▶ **YOUR TASK**
Copy verbatim the span of lines beginning at the line that contains "Grasovka Bisongrass Vodka 100cl 38" and ending with the final line of the data. Exclude pictures from the copy.

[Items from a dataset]
* * *
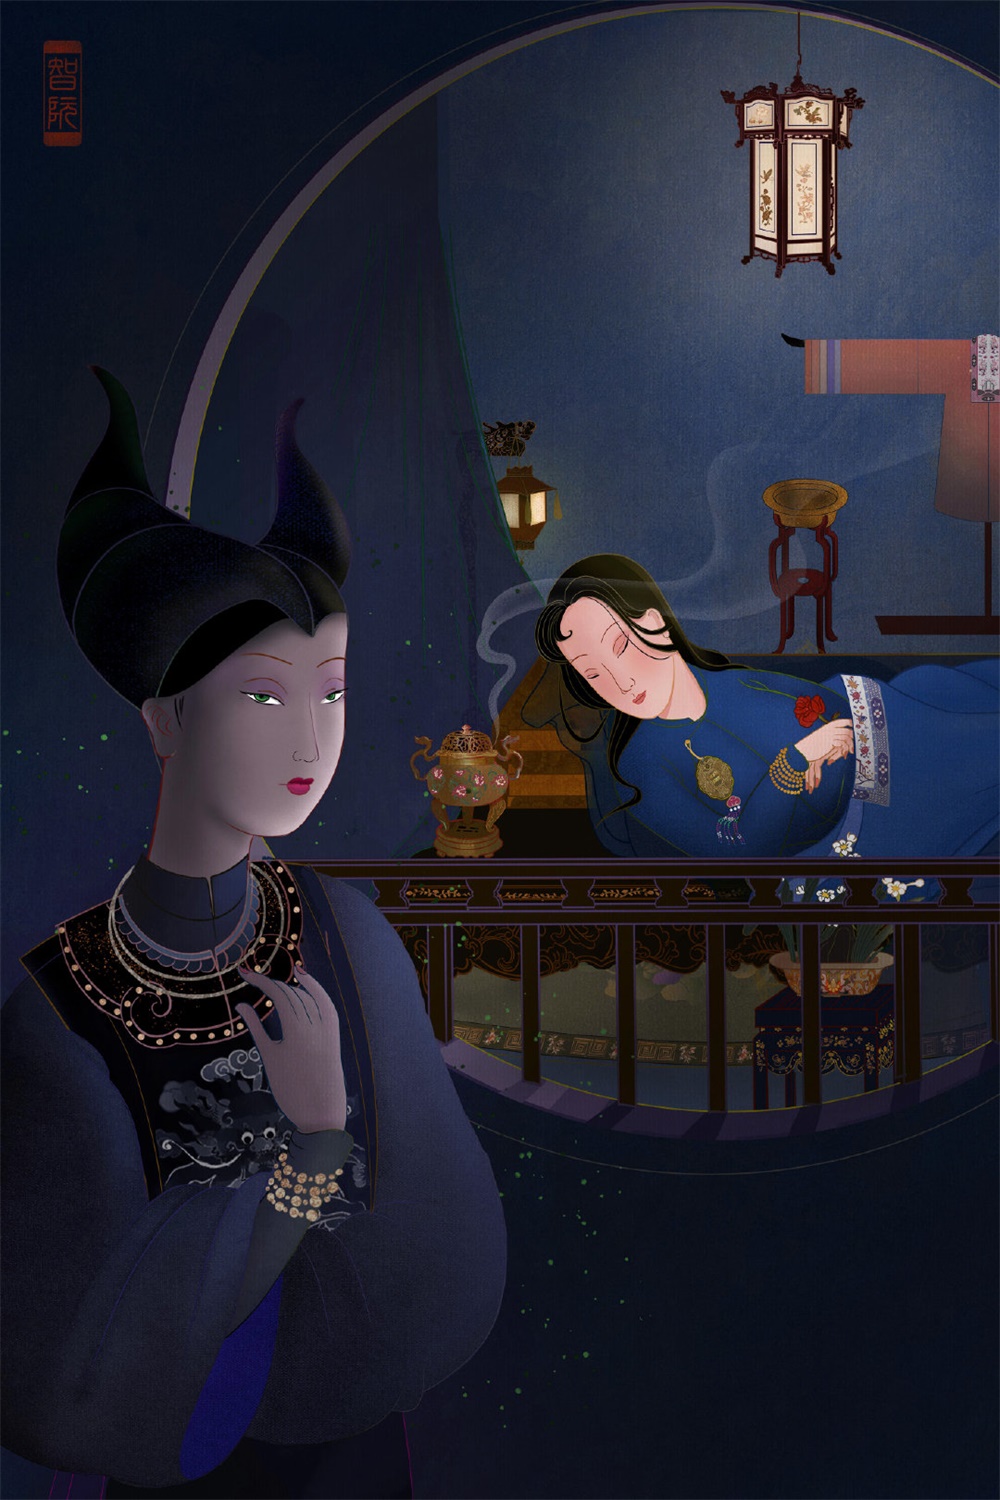 越南版「迪士尼公主与恶棍」主题插画
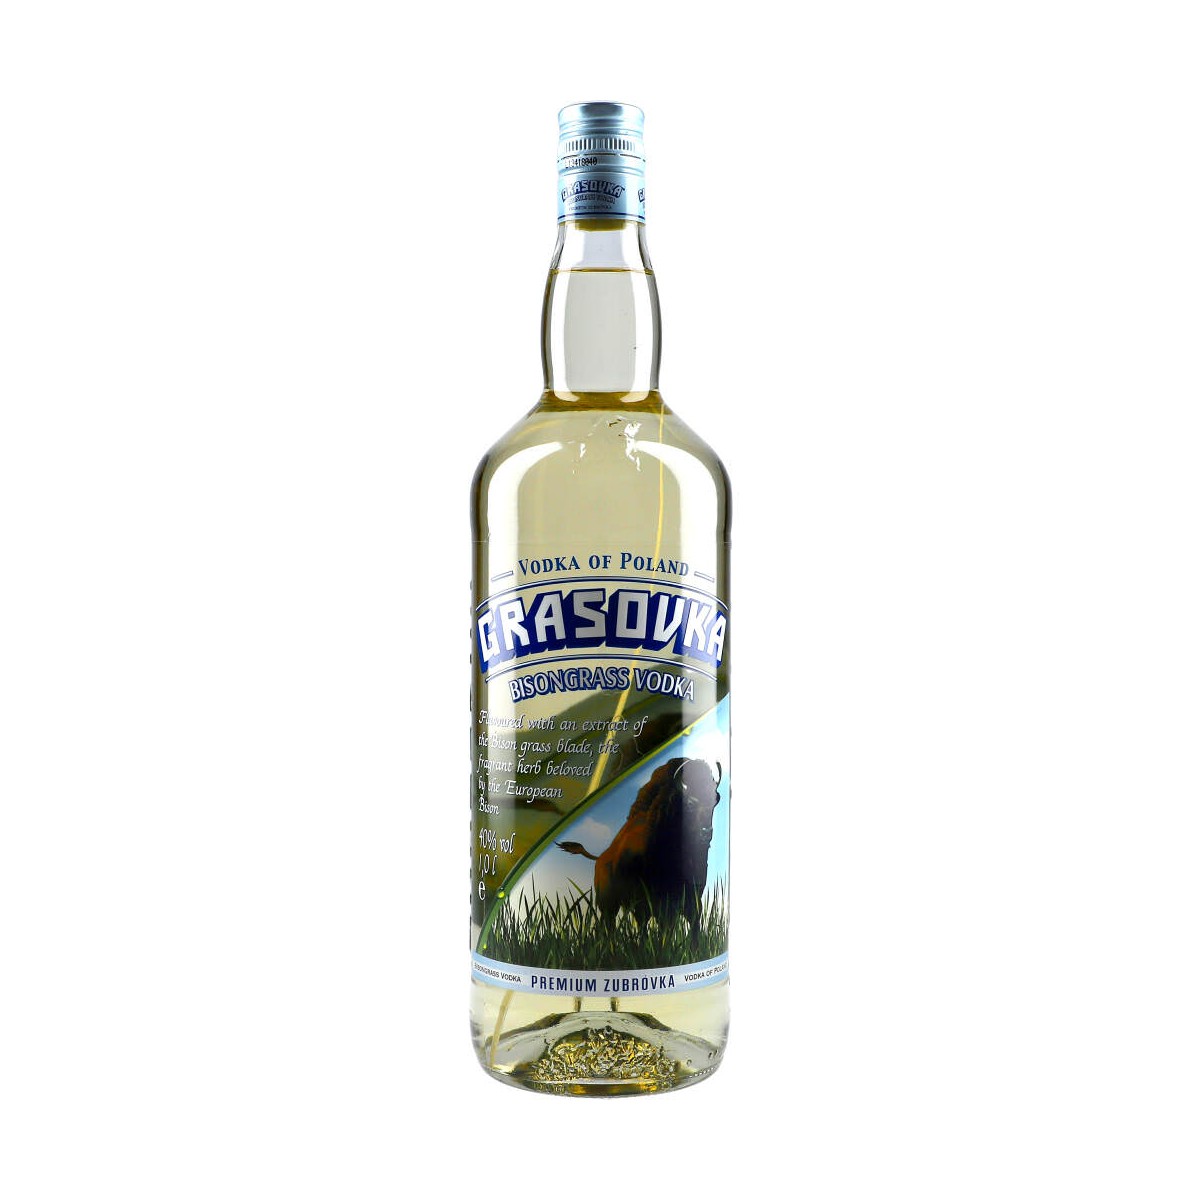 Grasovka Bisongrass Vodka 100cl 38
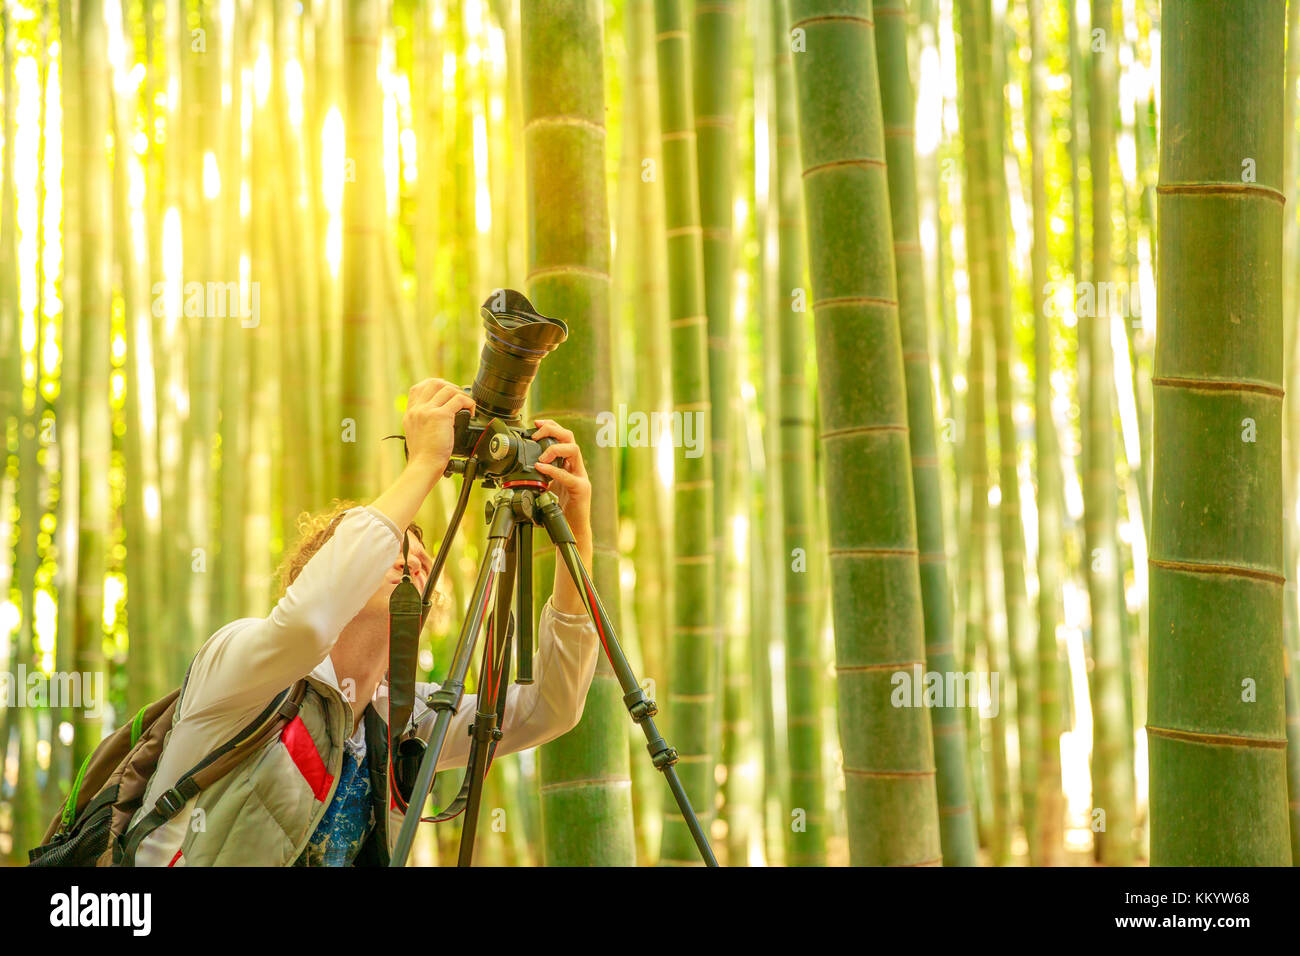 Prendere-dera fotografo di bambù Foto Stock
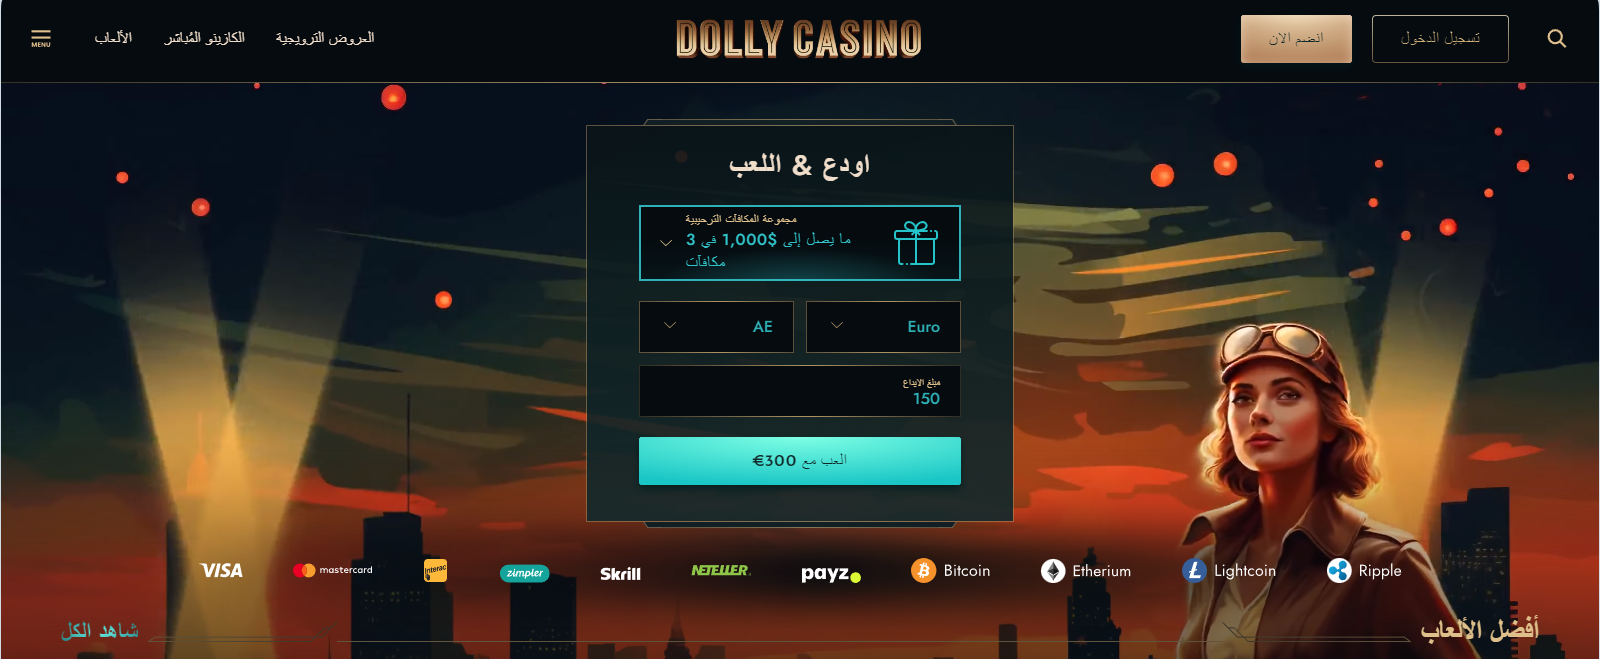 80e3ca72 e5ca 4606 9883 140b78e815d5 - Dolly Casino
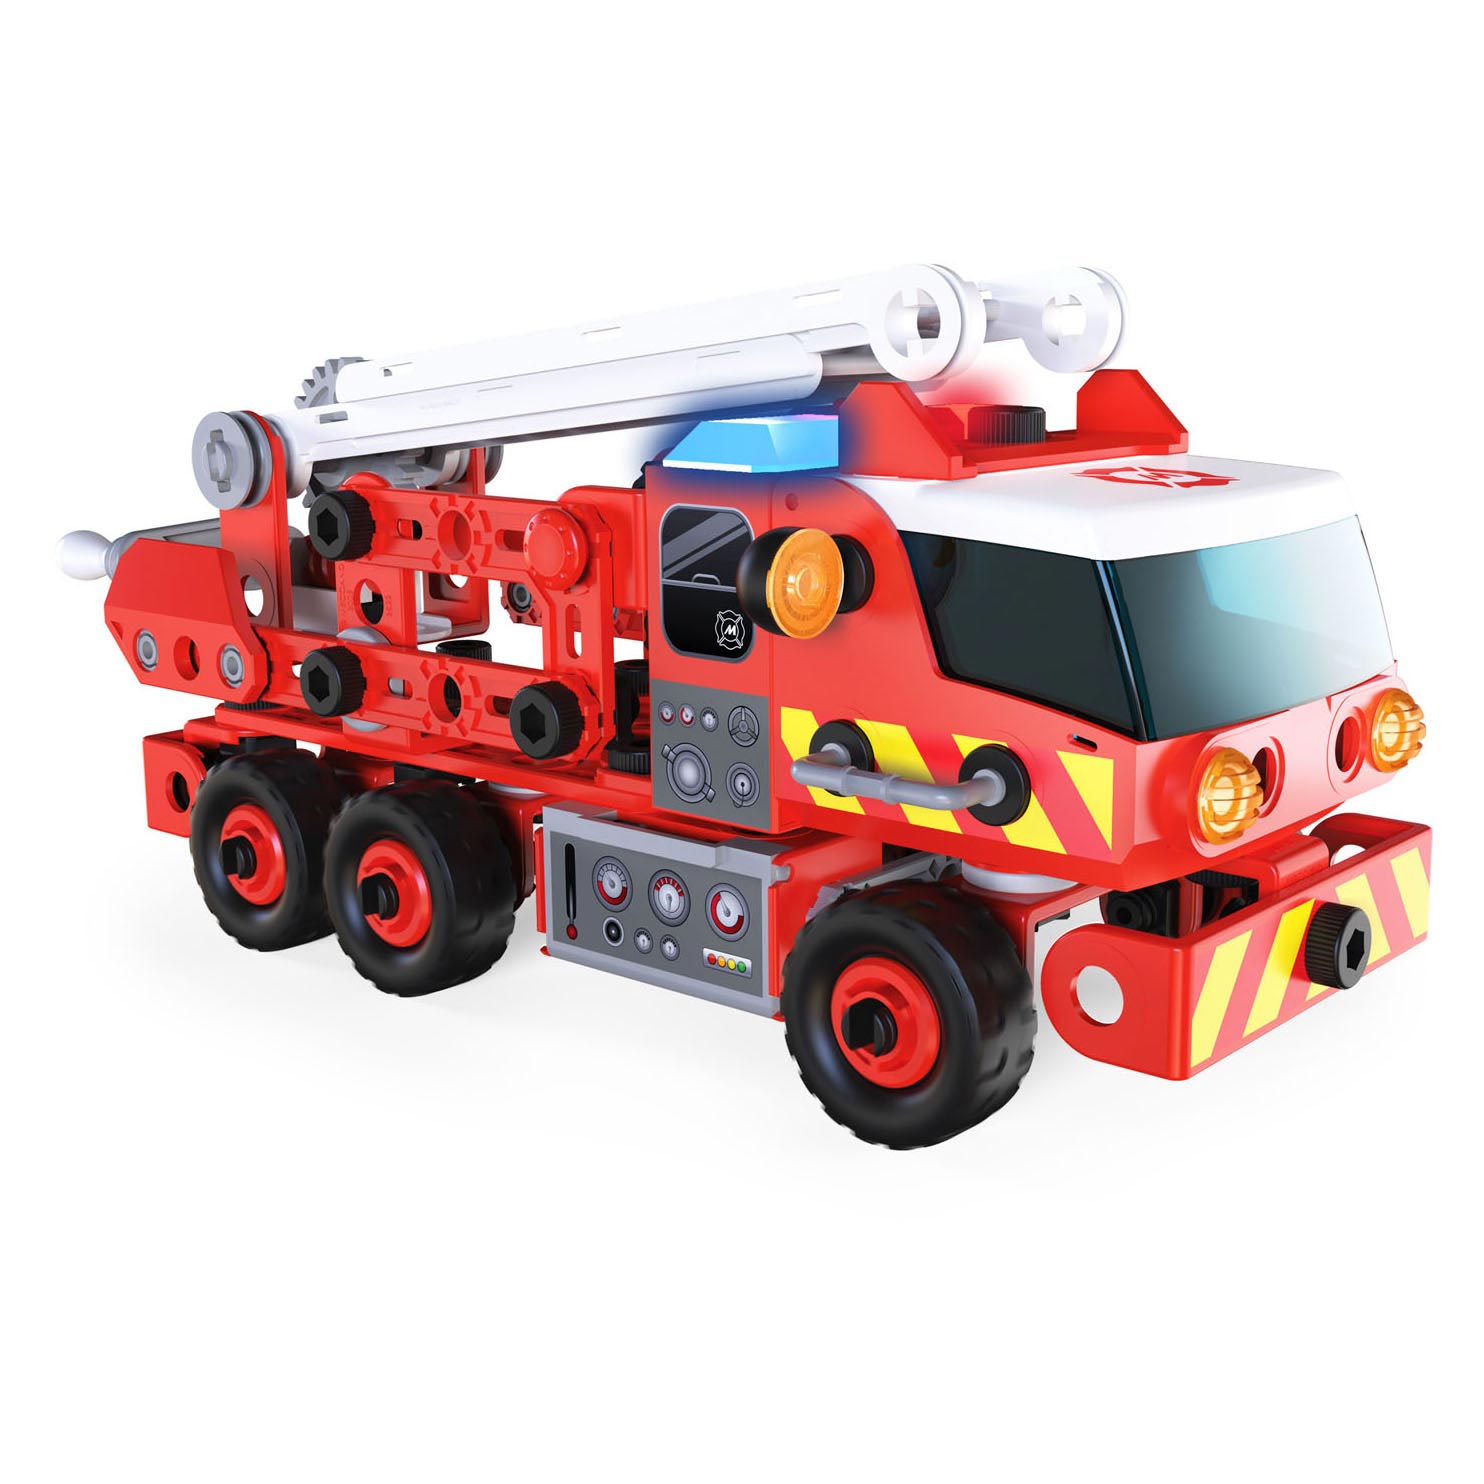 Meccano Junior - Camion de pompier STEAM Jouets de construction
* * *
▶ **WORKED SOLUTION**
 Grasovka Bisongrass Vodka 100cl 38
 Prendere-dera fotografo di bambù Foto Stock
 80e3ca72 e5ca 4606 9883 140b78e815d5 - Dolly Casino
 Meccano Junior - Camion de pompier STEAM Jouets de construction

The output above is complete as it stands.